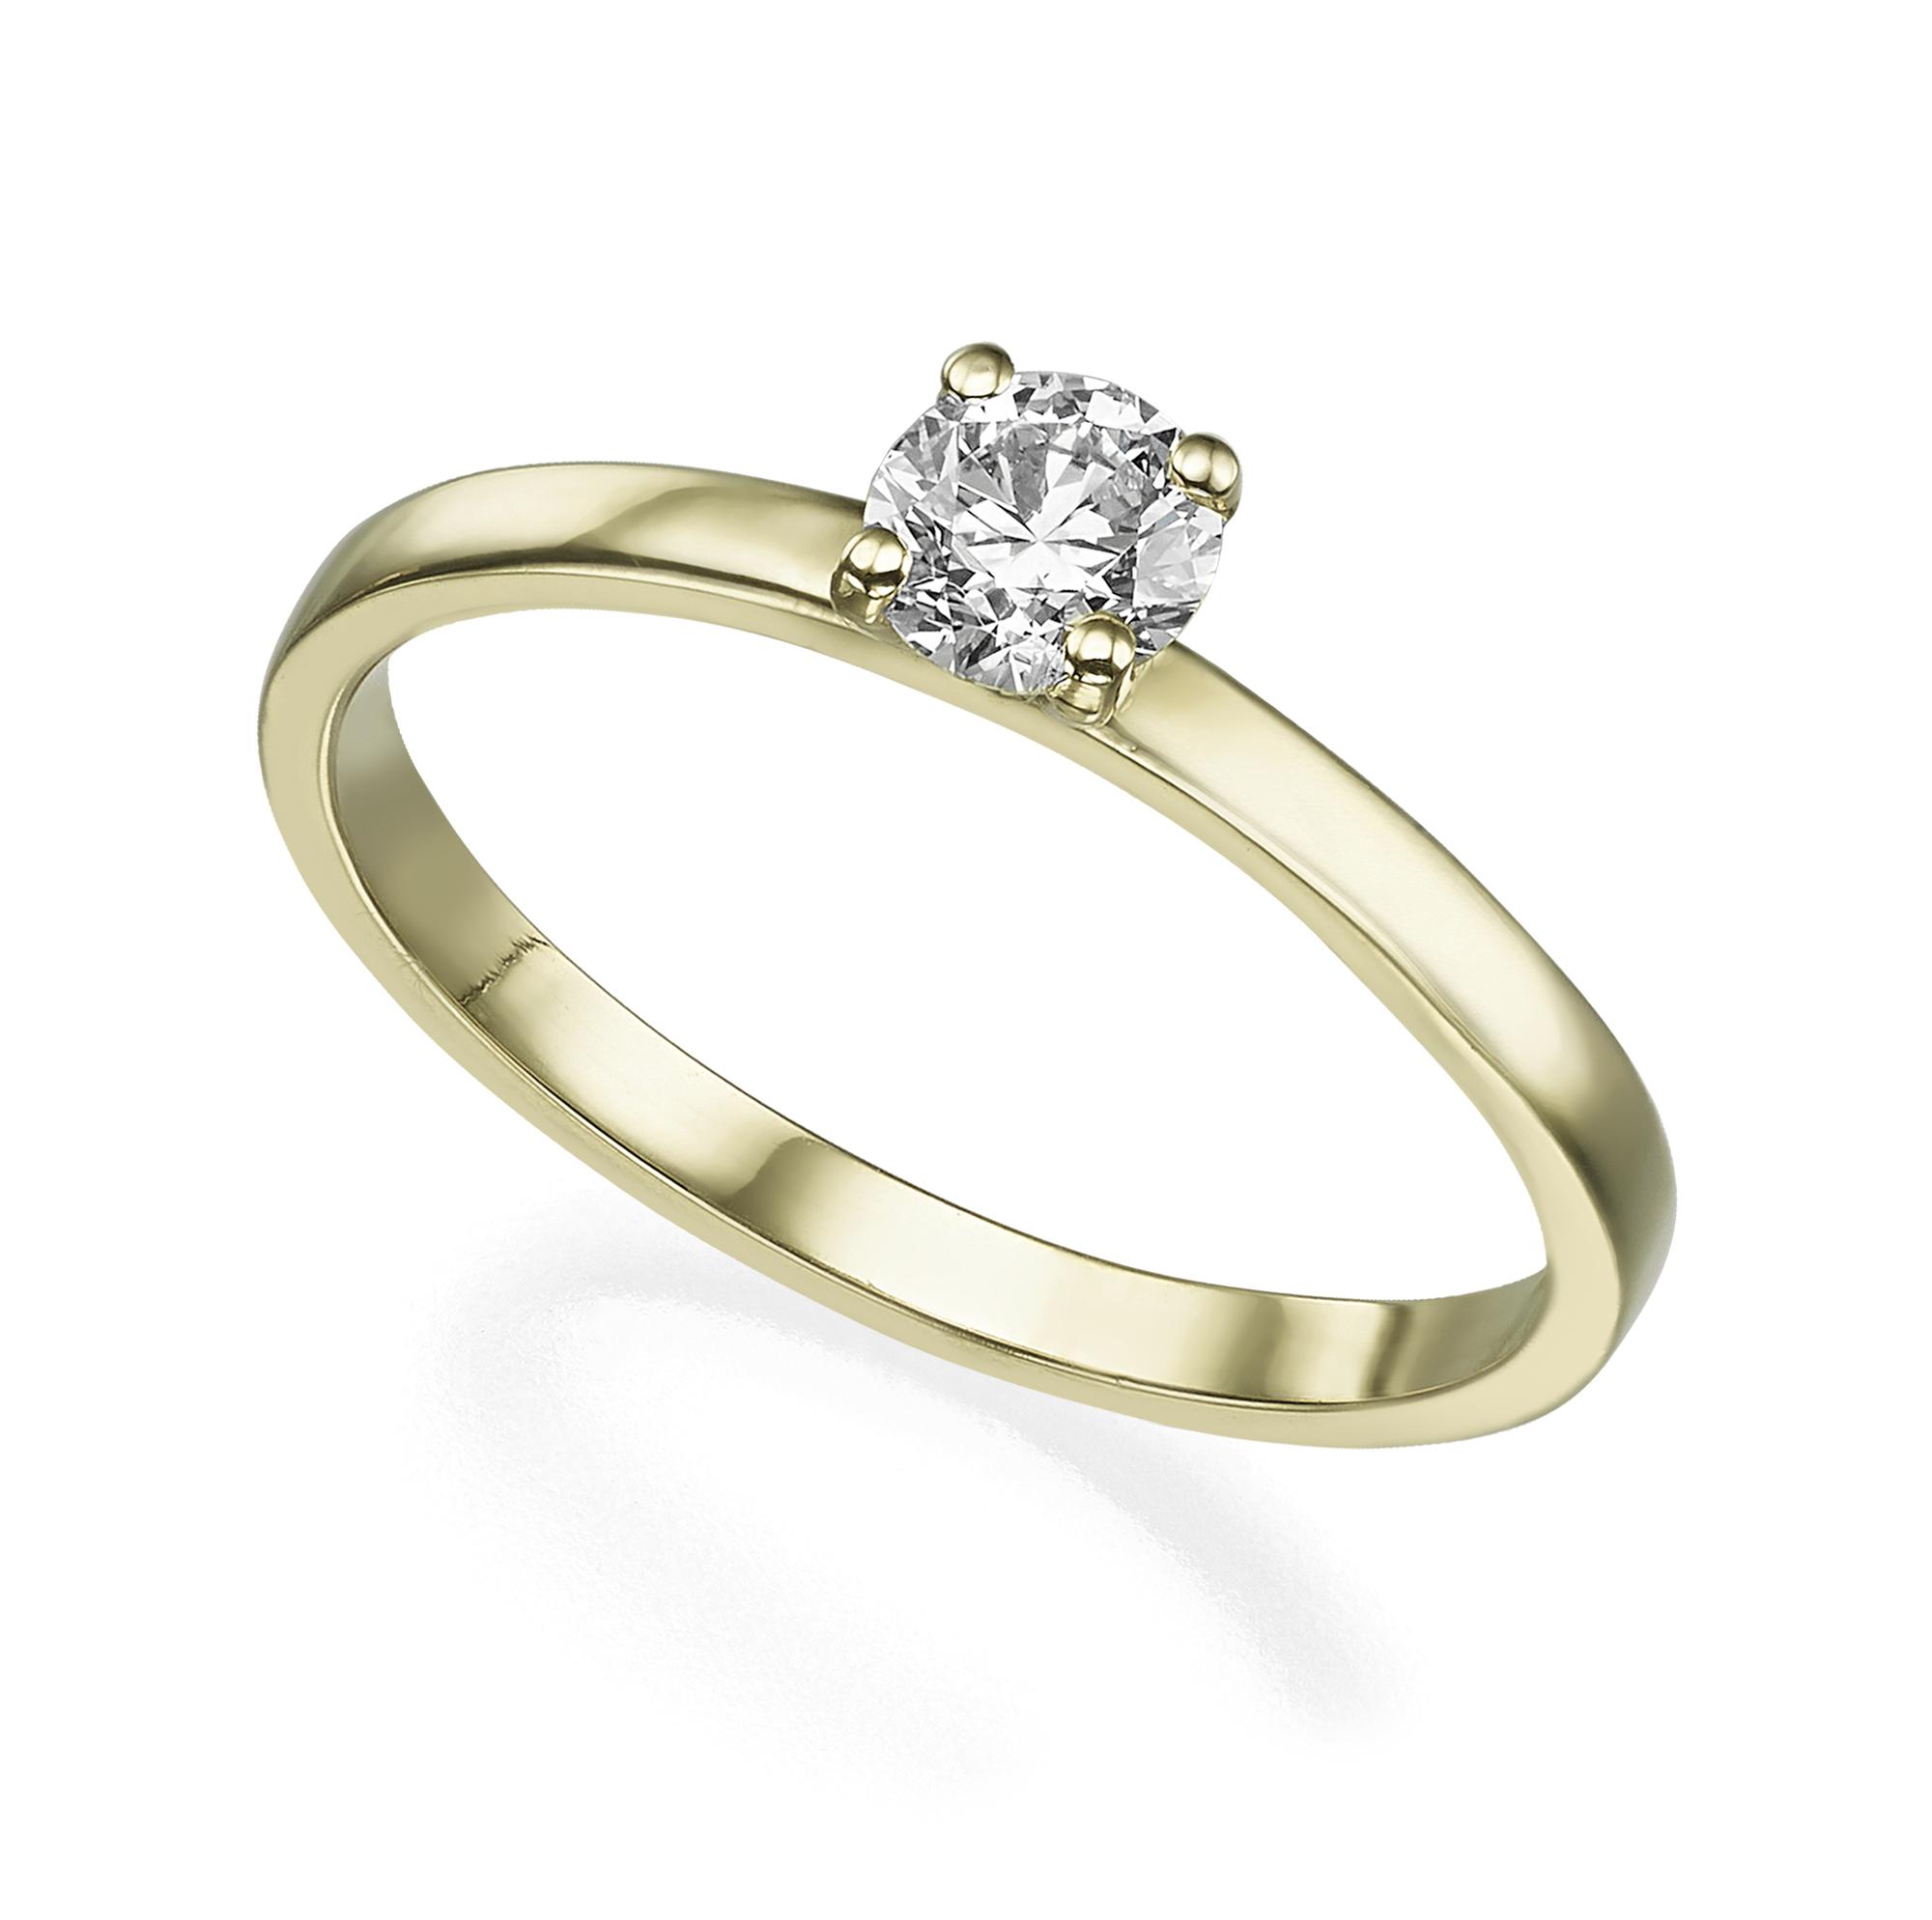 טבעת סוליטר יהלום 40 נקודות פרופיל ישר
* * *
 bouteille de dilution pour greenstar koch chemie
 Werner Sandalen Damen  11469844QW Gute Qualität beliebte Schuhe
--
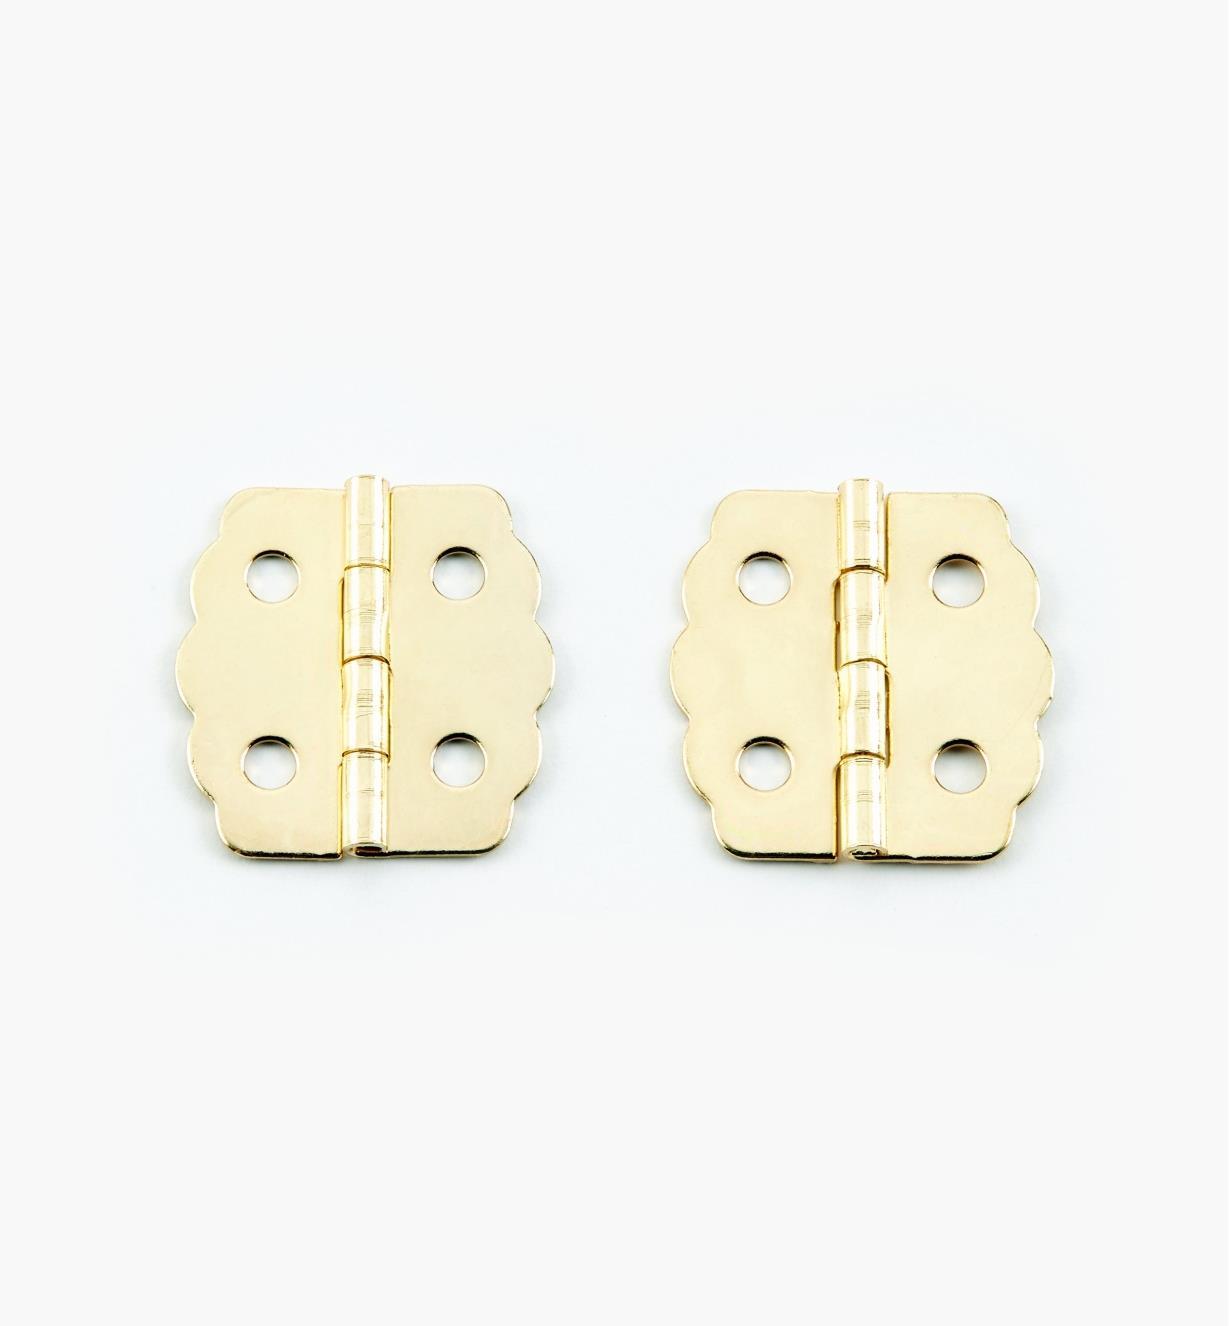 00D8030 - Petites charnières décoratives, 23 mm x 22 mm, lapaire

| ASSIGNMENT |
What are the lines above, starting at the one with "bouteille de dilution" and ending at the one with "Werner Sandalen Damen"? Give them again exactly, and only them.

| OUTPUT |
 bouteille de dilution pour greenstar koch chemie
 Werner Sandalen Damen  11469844QW Gute Qualität beliebte Schuhe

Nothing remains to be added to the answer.